Popper won many awards and honours in his field, including the Lippincott Award of the American Political Science Association, the Sonning Prize, the Otto Hahn Peace Medal of the United Nations Association of Germany in Berlin and fellowships in the Royal Society, British Academy, London School of Economics, King's College London, Darwin College, Cambridge, Austrian Academy of Sciences and Charles University, Prague. Austria awarded him the Grand Decoration of Honour in Gold for Services to the Republic of Austria in 1986, and the Federal Republic of Germany its Grand Cross with Star and Sash of the Order of Merit, and the peace class of the Order Pour le Mérite. He was knighted by Queen Elizabeth II in 1965, and was elected a Fellow of the Royal Society in 1976. He was invested with the insignia of a Member of the Order of the Companions of Honour in the 1982 Birthday Honours.

Other awards and recognition for Popper included the City of Vienna Prize for the Humanities (1965), Karl Renner Prize (1978), Austrian Decoration for Science and Art (1980), Dr. Leopold Lucas Prize of the University of Tübingen (1980), Ring of Honour of the City of Vienna (1983) and the Premio Internazionale of the Italian Federico Nietzsche Society (1988). In 1989, he was the first awarded the Prize International Catalonia for "his work to develop cultural, scientific and human values all around the world". In 1992, he was awarded the Kyoto Prize in Arts and Philosophy for "symbolising the open spirit of the 20th century" and for his "enormous influence on the formation of the modern intellectual climate".

== Philosophy ==

=== Background to Popper's ideas ===
Popper's rejection of Marxism during his teenage years left a profound mark on his thought. He had at one point joined a socialist association, and for a few months in 1919 considered himself a communist. Although it is known that Popper worked as an office boy at the communist headquarters, whether or not he ever became a member of the Communist Party is unclear. During this time he became familiar with the Marxist view of economics, class conflict, and history. Although he quickly became disillusioned with the views expounded by Marxists, his flirtation with the ideology led him to distance himself from those who believed that spilling blood for the sake of a revolution was necessary. He then took the view that when it came to sacrificing human lives, one was to think and act with extreme prudence.

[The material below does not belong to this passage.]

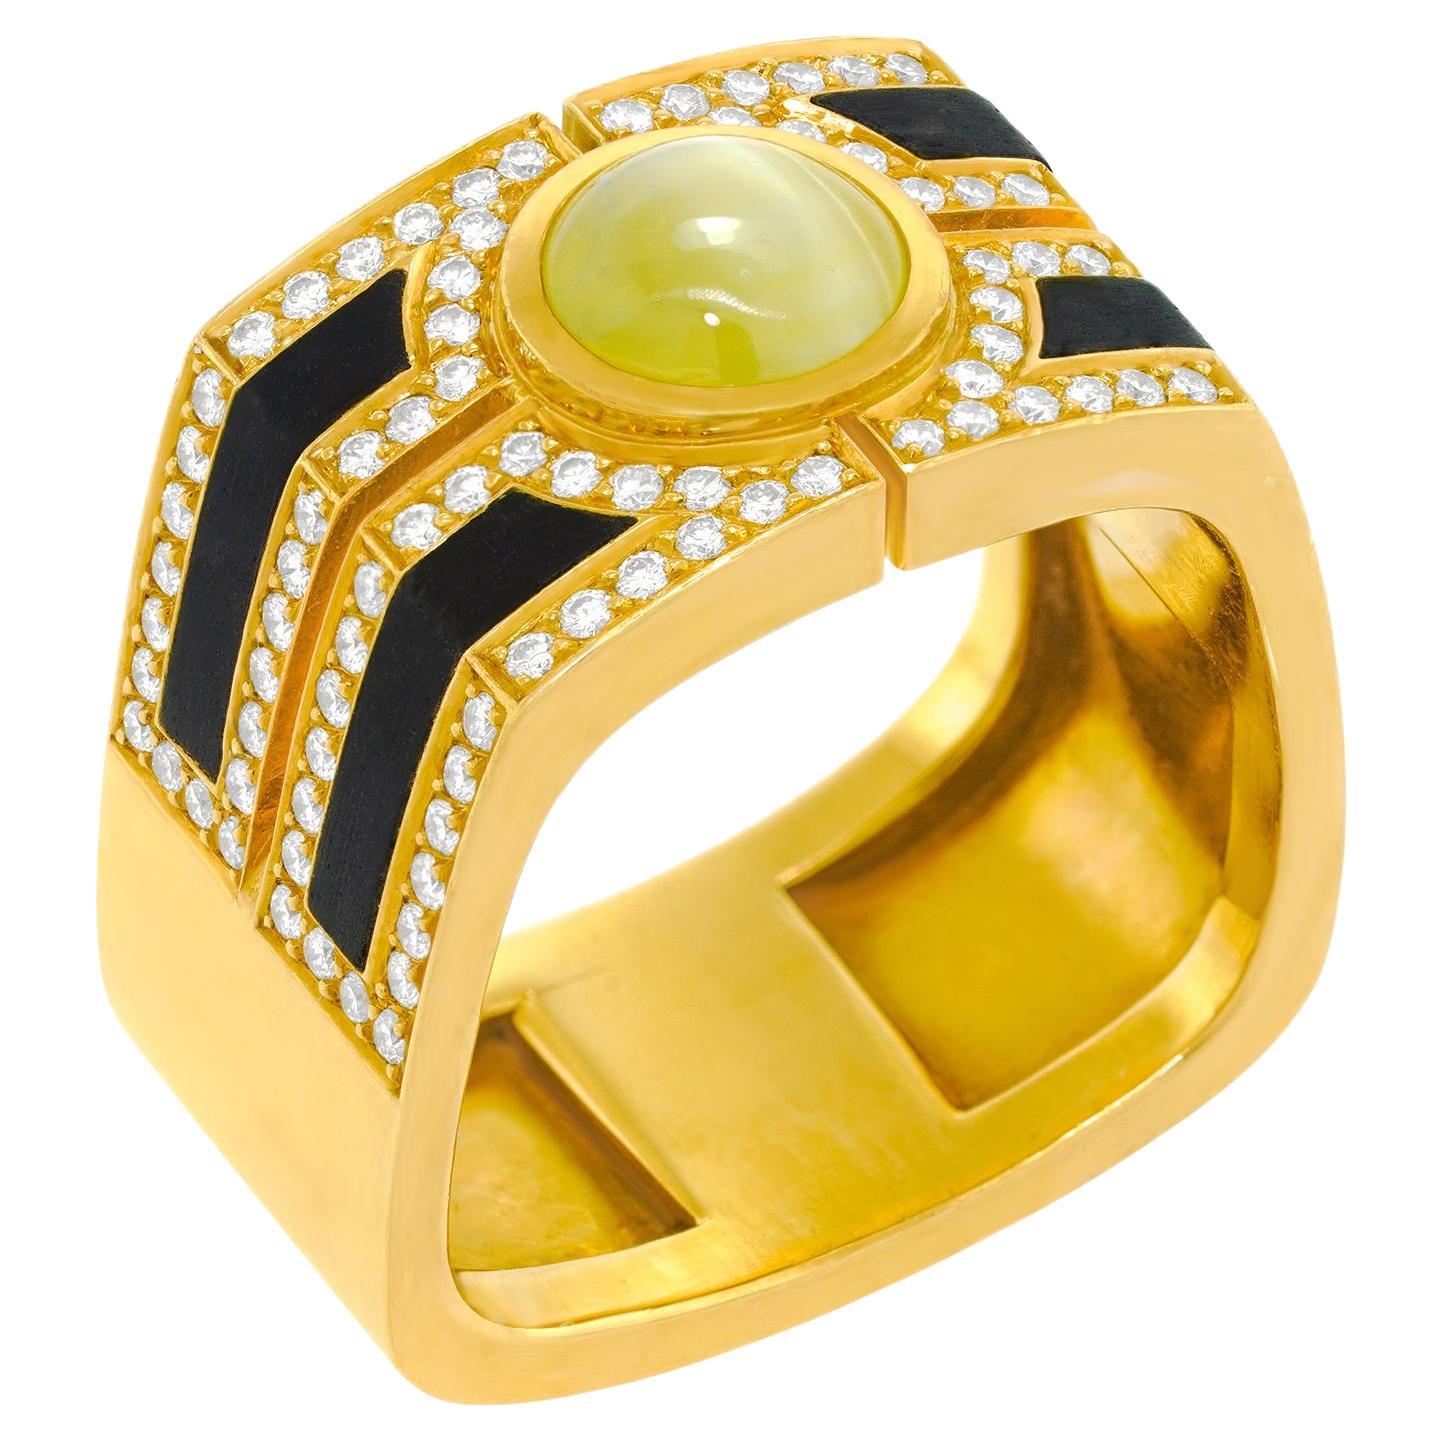 Aldo Bertozzi Spectacular Hyper Modern Ring For Sale
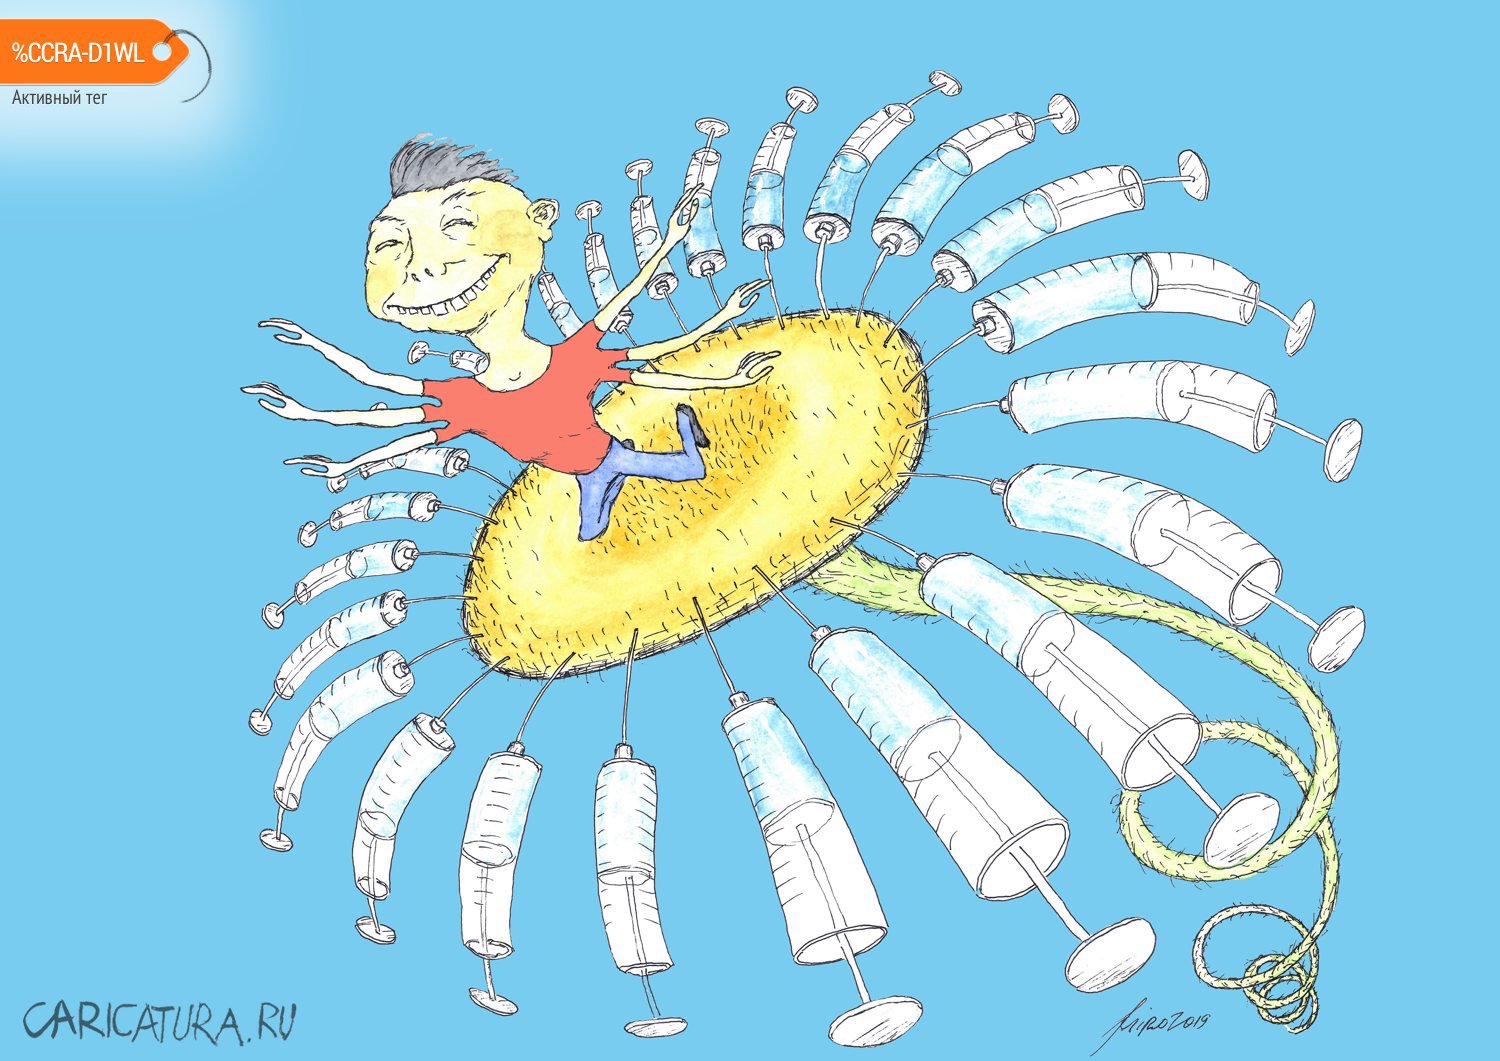 Карикатура "Вакцины от COVID-19", Игорь Мирошниченко

The failure of democratic parties to prevent fascism from taking over Austrian politics in the 1920s and 1930s traumatised Popper. He suffered from the direct consequences of this failure since events after the Anschluss (the annexation of Austria by the German Reich in 1938) forced him into permanent exile. His most important works in the field of social science—The Poverty of Historicism (1944) and The Open Society and Its Enemies (1945)—were inspired by his reflection on the events of his time and represented, in a sense, a reaction to the prevalent totalitarian ideologies that then dominated Central European politics. His books defended democratic liberalism as a social and political philosophy. They also represented extensive critiques of the philosophical presuppositions underpinning all forms of totalitarianism.

Popper believed that there was a contrast between the theories of Sigmund Freud and Alfred Adler, which he considered non-scientific, and Albert Einstein's theory of relativity which set off the revolution in physics in the early 20th century. Popper thought that Einstein's theory, as a theory properly grounded in scientific thought and method, was highly "risky", in the sense that it was possible to deduce consequences from it which differed considerably from those of the then-dominant Newtonian physics; one such prediction, that gravity could deflect light, was verified by Eddington's experiments in 1919. In contrast he thought that nothing could, even in principle, falsify psychoanalytic theories. He thus came to the conclusion that they had more in common with primitive myths than with genuine science.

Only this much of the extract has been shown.